Cross-layer and selective distillation for asymmetric image retrieval

摘要

Existing asymmetric retrieval methods primarily rely on aligning global features to transfer semantic information. However, they often struggle to convey knowledge effectively across different network layers, limiting fine-grained alignment in feature representation spaces. To address this limitation, we propose a Cross-Layer and Selective Distillation (CLSD) framework. It first introduces a semantic-aware cross-layer feature distillation mechanism, where an attention-guided soft layer alignment strategy enables the student model to dynamically select and integrate the most relevant semantic knowledge from multiple intermediate teacher layers, based on its own layer’s semantic requirements. This alleviates the knowledge transfer challenges arising from architectural asymmetry. Furthermore, considering the importance of ranking consistency in fine-grained food image retrieval, we propose a decoupled differential relation distillation approach based on unambiguous samples. This method emphasizes the teacher model’s discriminative power and ranking behavior on unambiguous samples, while filtering out noisy signals from ambiguous ones.
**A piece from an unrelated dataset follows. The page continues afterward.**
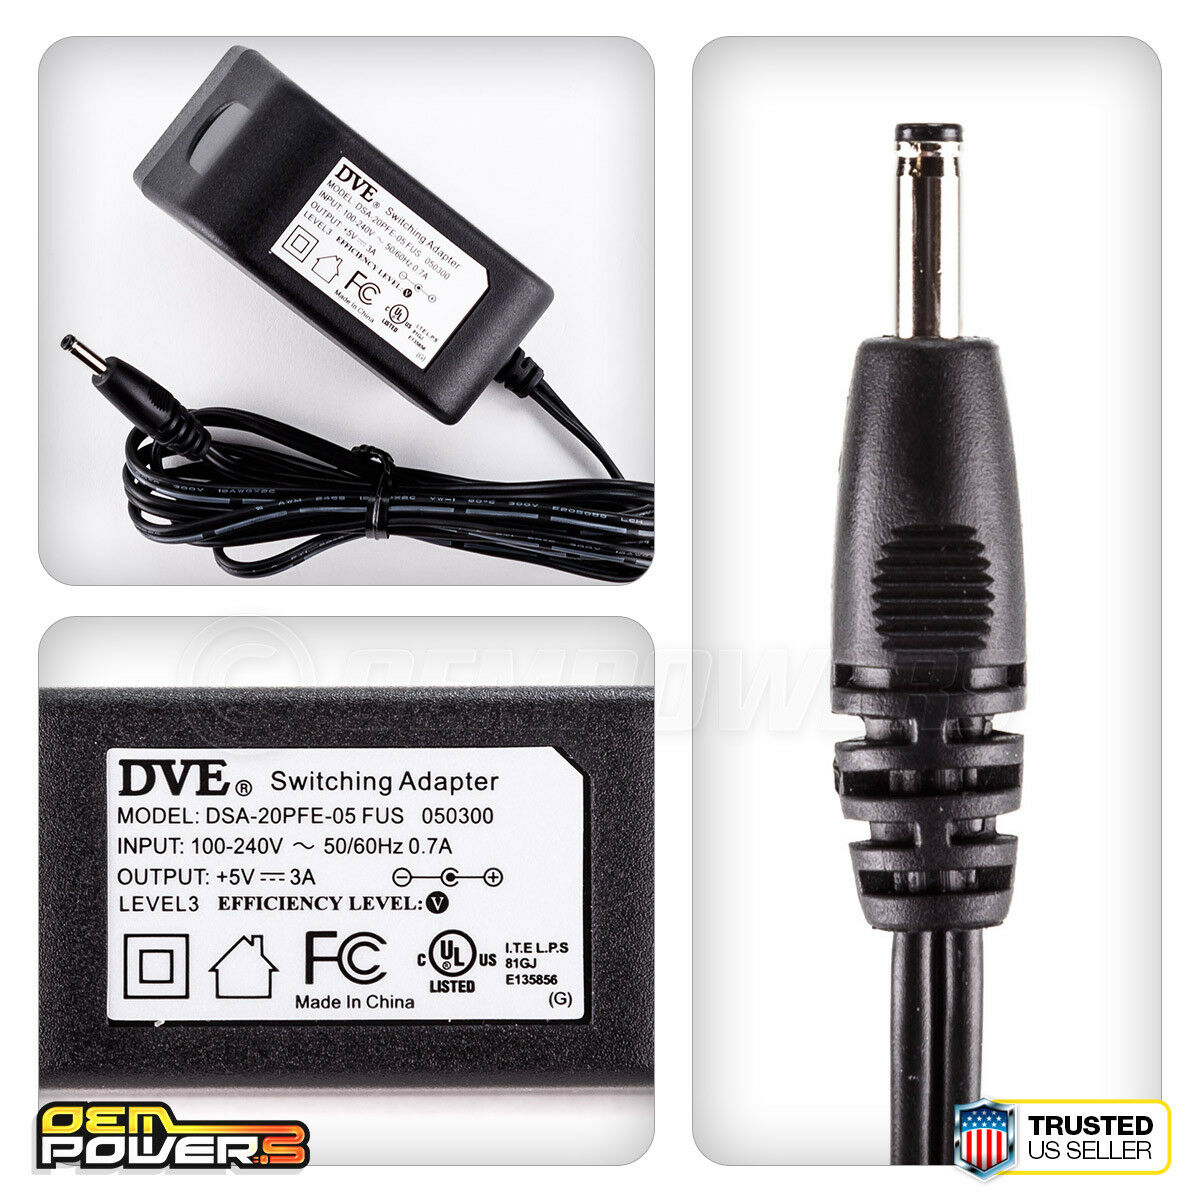 NEW GENUINE DVE DSA-20PFE-05 FUS 050300 5V 3A Switching AC Power Adapter Charger Brand: DVE Output Voltage: 5 V Ty

As a result, the student learns more reliable relative relationships between samples, ensuring consistency in ranking order between query and gallery features. Extensive experiments on four benchmark datasets demonstrate that our method consistently surpasses existing state-of-the-art techniques, highlighting its effectiveness in asymmetric fine-grained retrieval tasks.

出版物
The 8th Chinese Conference on Pattern Recognition and Computer Vision

论文尚未出版,将待出版后补全信息。